The exercise showed results: Profit margins of public sector banks began improving as lending resumed. “The pain was severe, but beneficial effects started to show up from 2018, resulting in improved asset quality,” the Reserve Bank of India (RBI) noted in October 2023. By 2022, all troubled banks had exited the PCA, and the gross NPA ratio fell to 3.9% by March 2023.
Stability seems to be back. “The stress test results reveal that scheduled commercial banks are wellcapitalized and capable of absorbing macroeconomic shocks even in the absence of any further capital infusion by stakeholders,” the RBI said in another report. No bank was likely to breach the minimum capital requirement norm in the next one year, the report said.
INSOLVENCY CODE: A STRESS BUSTER?
All moves were not as successful. The 2016 Insolvency and Bankruptcy Code (IBC) was also aimed to be a game changer, meant to bring a sense of structure to the insolvency process through a time-sensitive approach. But it did not live up to its intent, bogged down by litigation and amendments. It has already been amended more than 90 times, as per a count by Crisil Ratings.
Till 2023, 7,325 companies had entered the corporate insolvency resolution process, of which 74% of cases stood closed and the rest were at various stages of resolution. Among the closed cases, just one-third benefited from the process—16% yielded successful resolution plans, and 19% were withdrawn as lenders agreed for settlement. Others were settled or closed on appeal or review (21%), or ended in liquidation orders (44%). Meanwhile, in the last five years, while waits for resolution have become longer, the recovery rate (the settled amount as a share of the total amount initially claimed by lenders) has fallen from 43% to nearly 32%.
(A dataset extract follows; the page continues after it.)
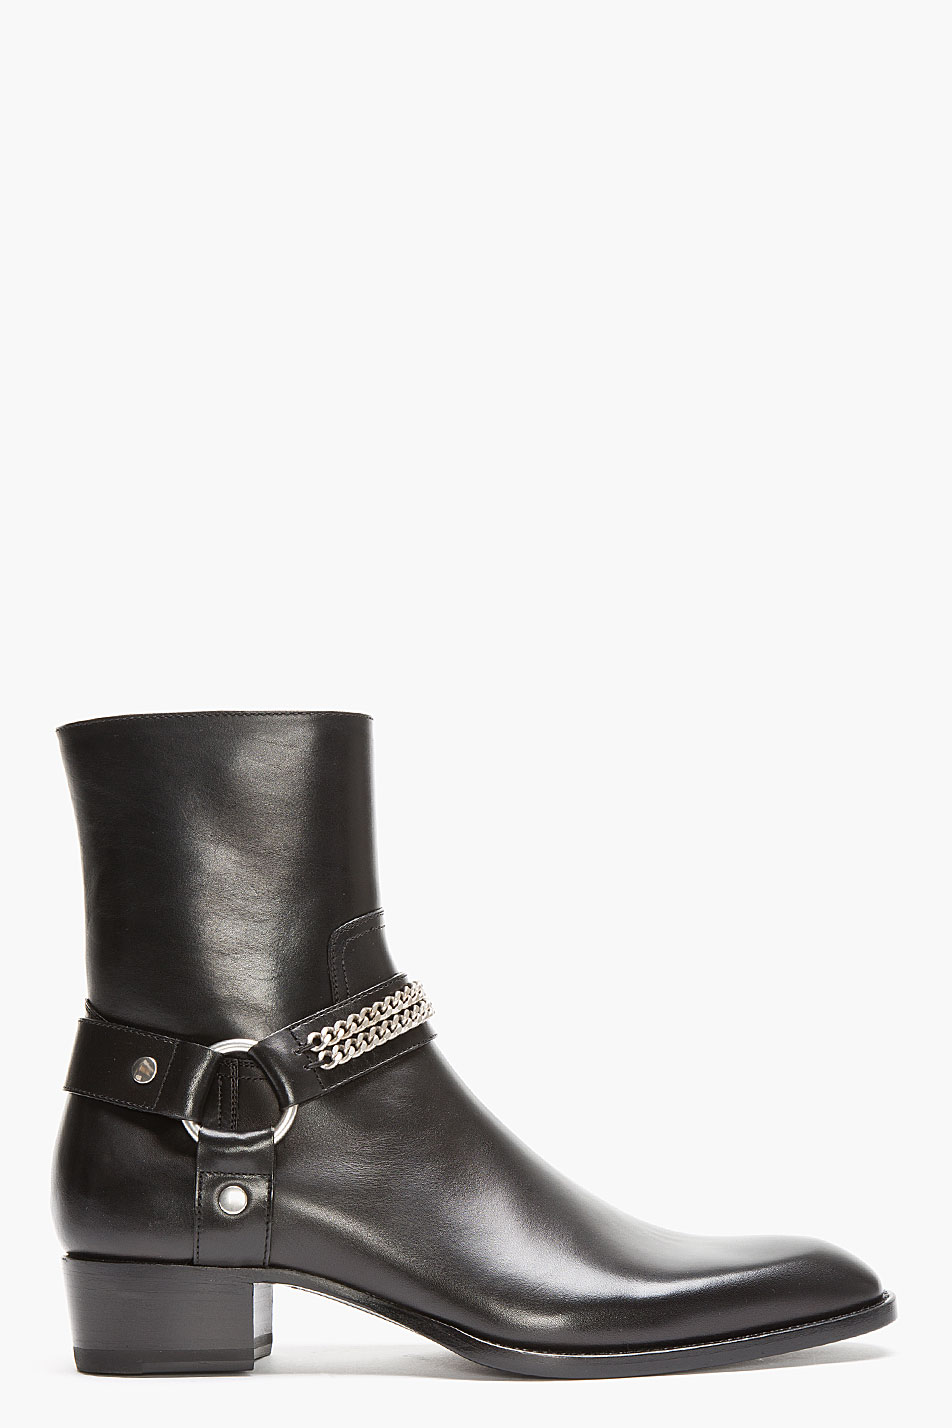 Saint Laurent Black Leather Chain and Zip Boots for Men | Lyst

For the IBC to succeed, some impediments must be removed, a Crisil Ratings note in November 2023 pointed out. The law’s effectiveness can be improved through better infrastructure, such as bench strength of judges, digitalization, and expanding the scope of prepack insolvency resolution for large firms, the report noted.
THE OTHER BIG GAMBLES
The Centre also took concentrated steps to reignite investments and capital flows. Early on, the Modi government moved fast to open several sectors to foreign direct investments (FDI) under the automatic route. The first three years saw 37 sectoral relaxations in FDI rules, outdoing the entire six-year run of the Atal Bihari Vajpayee government, and equalling the 10-year tenure of Manmohan Singh, an analysis by the Centre for Strategic and International Studies showed. Record FDI inflows followed. The last two years have been challenging as developed economies lost pace, interest rate differentials narrowed, and geopolitical tensions picked up. But with Chinabound investments no longer as lucrative, India has the chance to actively court foreign inflows. “Looking ahead, the government could expand the number of sectors eligible for automatic approval, encompassing both brownfield and greenfield projects,” said Rajani Sinha, chief economist at CareEdge. The recent initiative to open up FDI in the space sector through amendments to the Indian space policy is a positive stride in this direction, she added.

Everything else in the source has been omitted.